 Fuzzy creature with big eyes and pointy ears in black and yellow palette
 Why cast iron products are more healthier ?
--
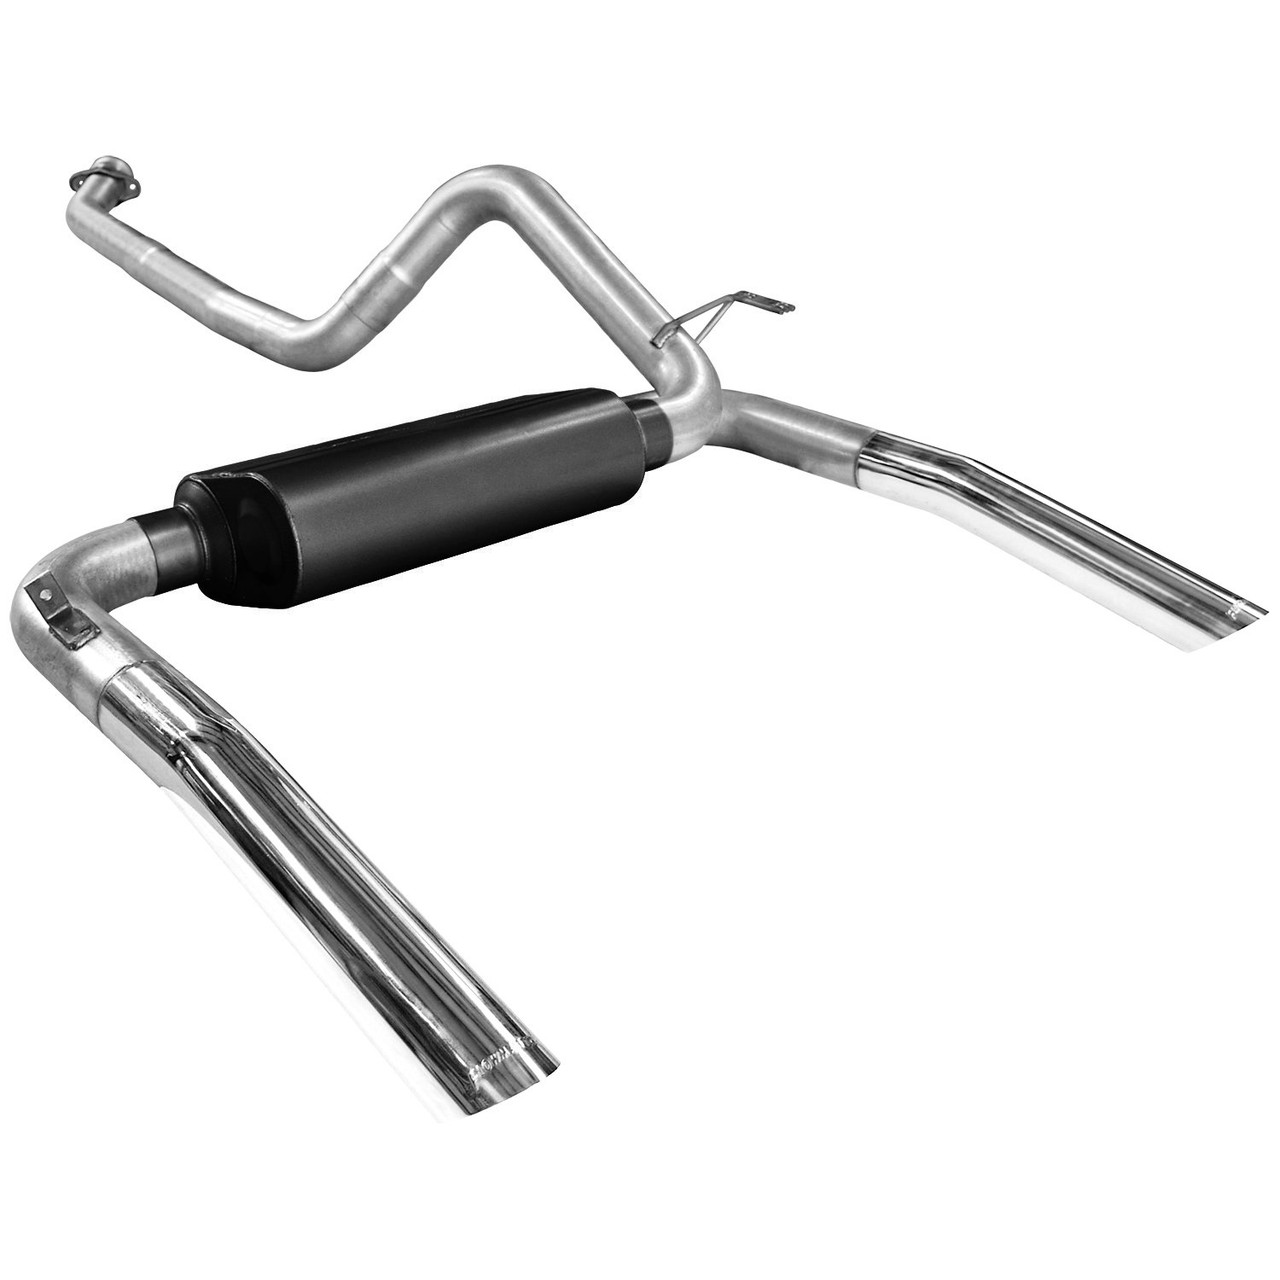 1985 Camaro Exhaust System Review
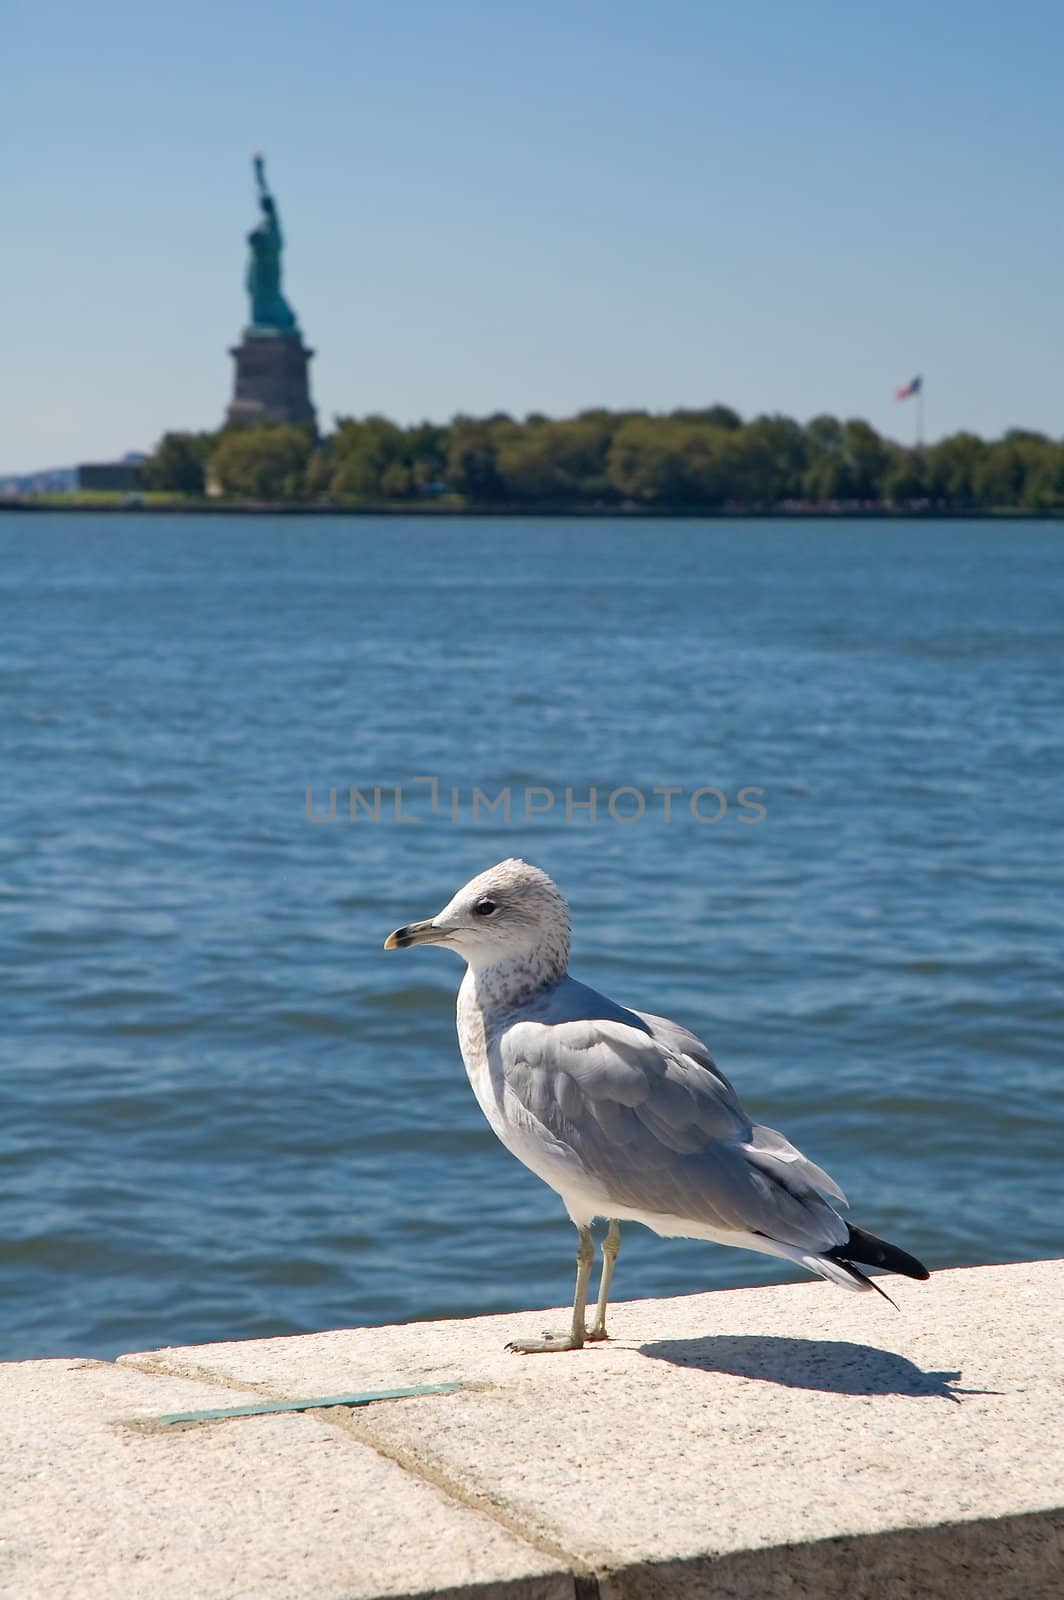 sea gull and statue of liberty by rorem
==
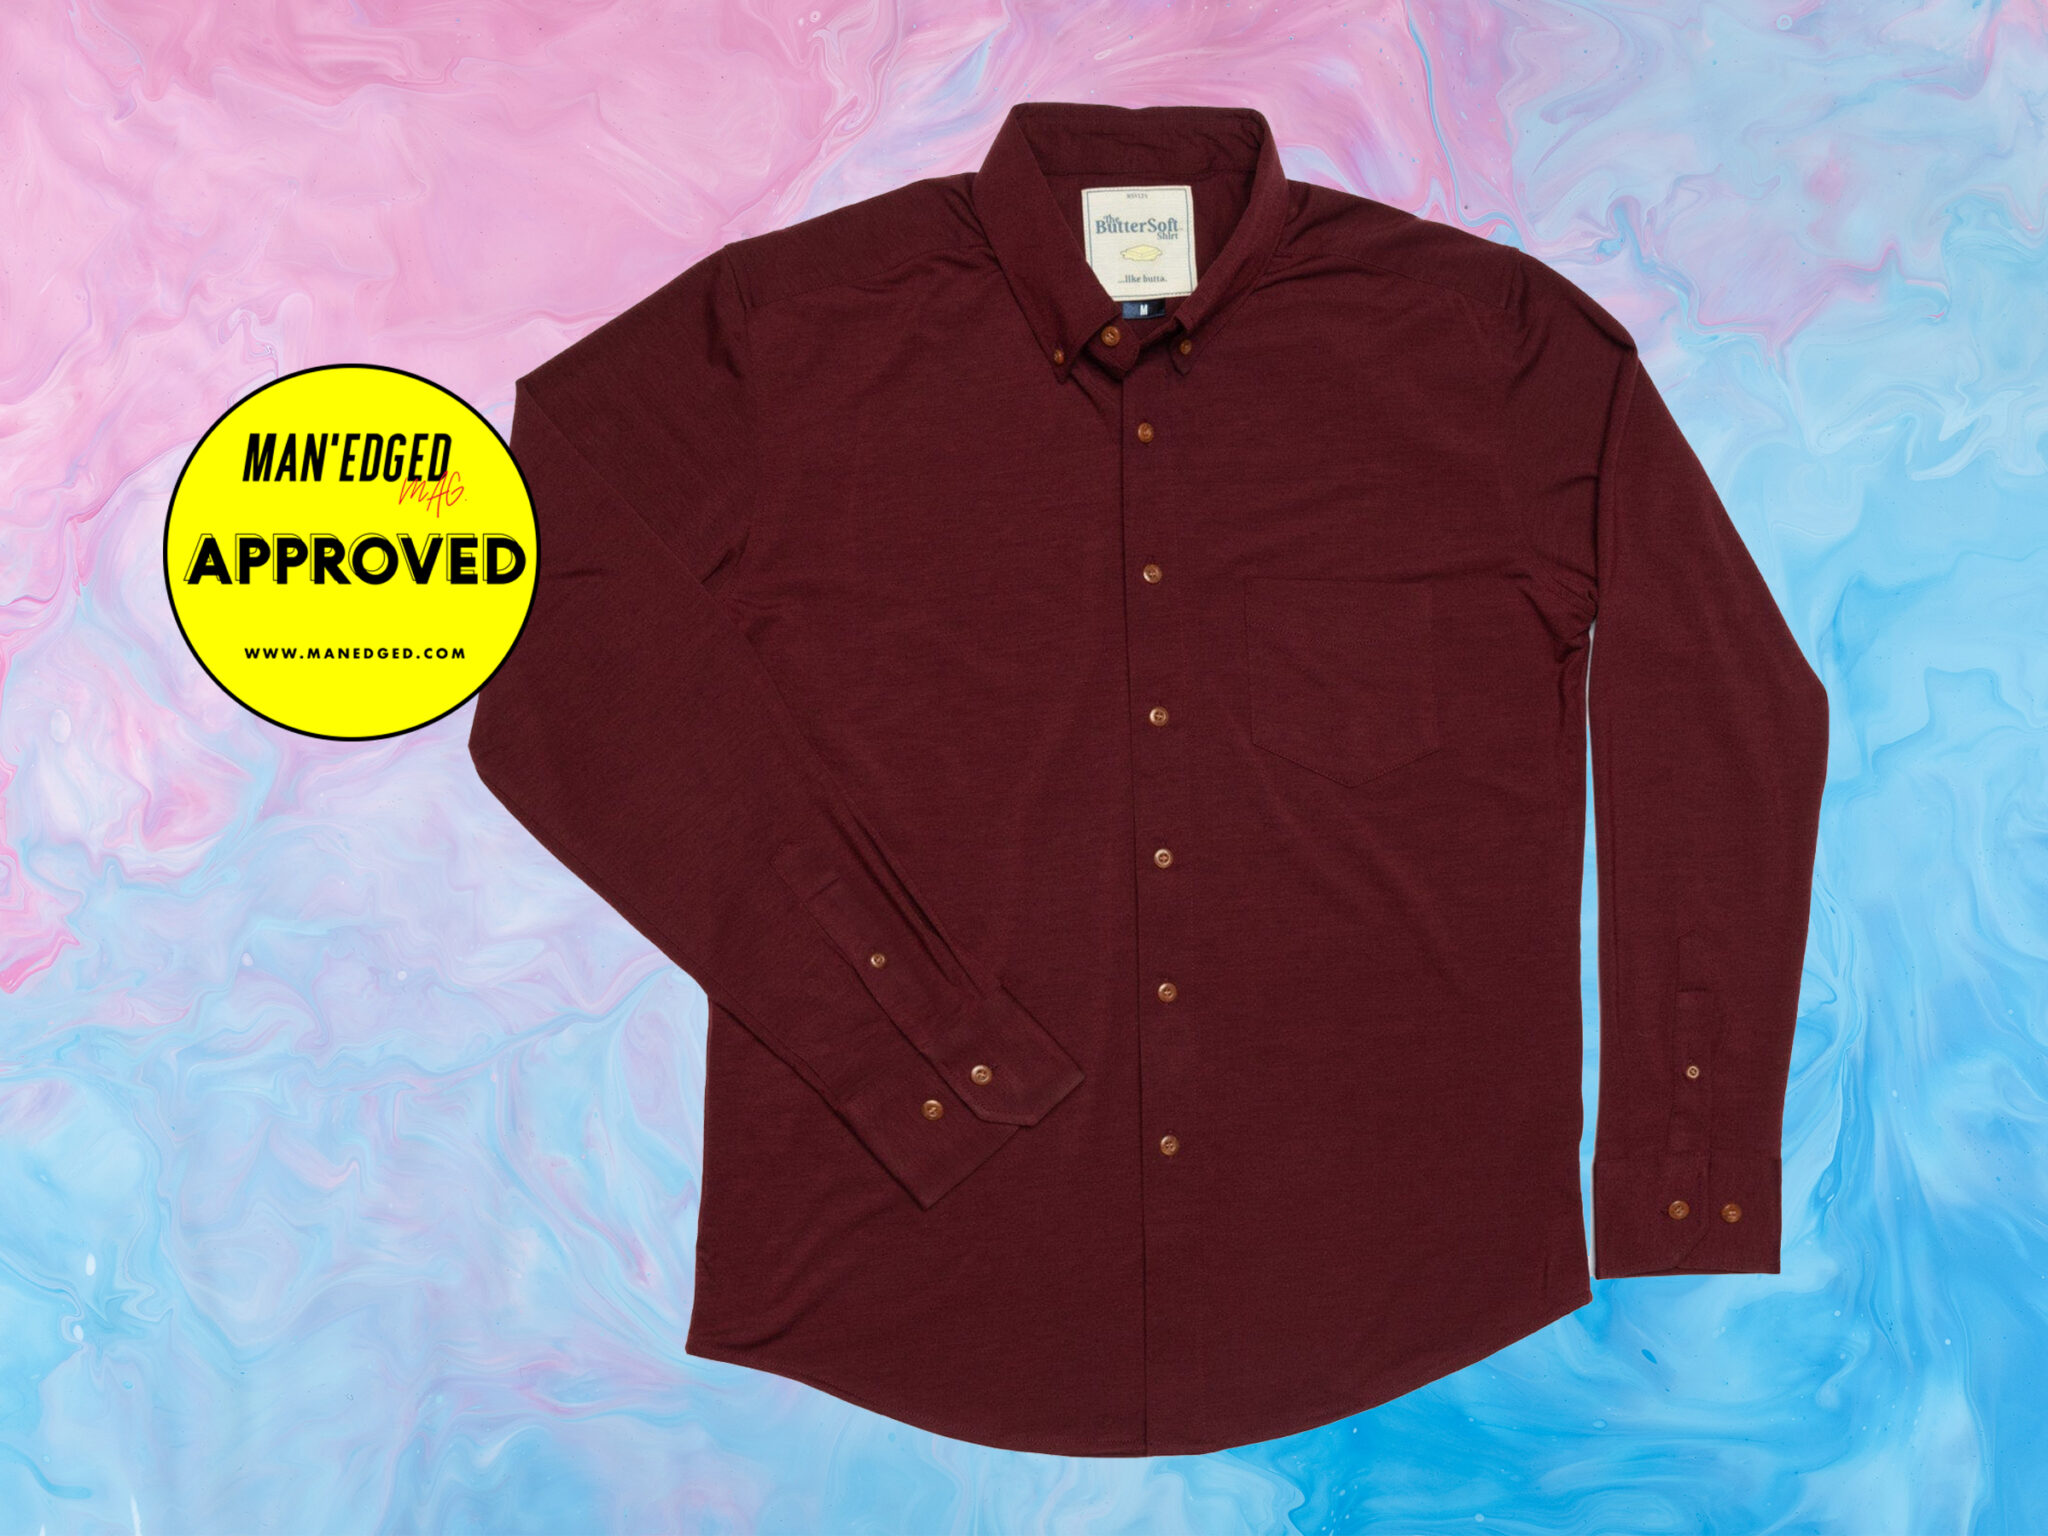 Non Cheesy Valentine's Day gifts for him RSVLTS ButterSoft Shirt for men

What is being asked ▸ Copy only this from above: the line containing "1985 Camaro Exhaust System Review", the line containing "sea gull and statue of liberty by rorem", and all lines between, printed exactly. Leave out the pictures.

Written answer ▸
 1985 Camaro Exhaust System Review
 sea gull and statue of liberty by rorem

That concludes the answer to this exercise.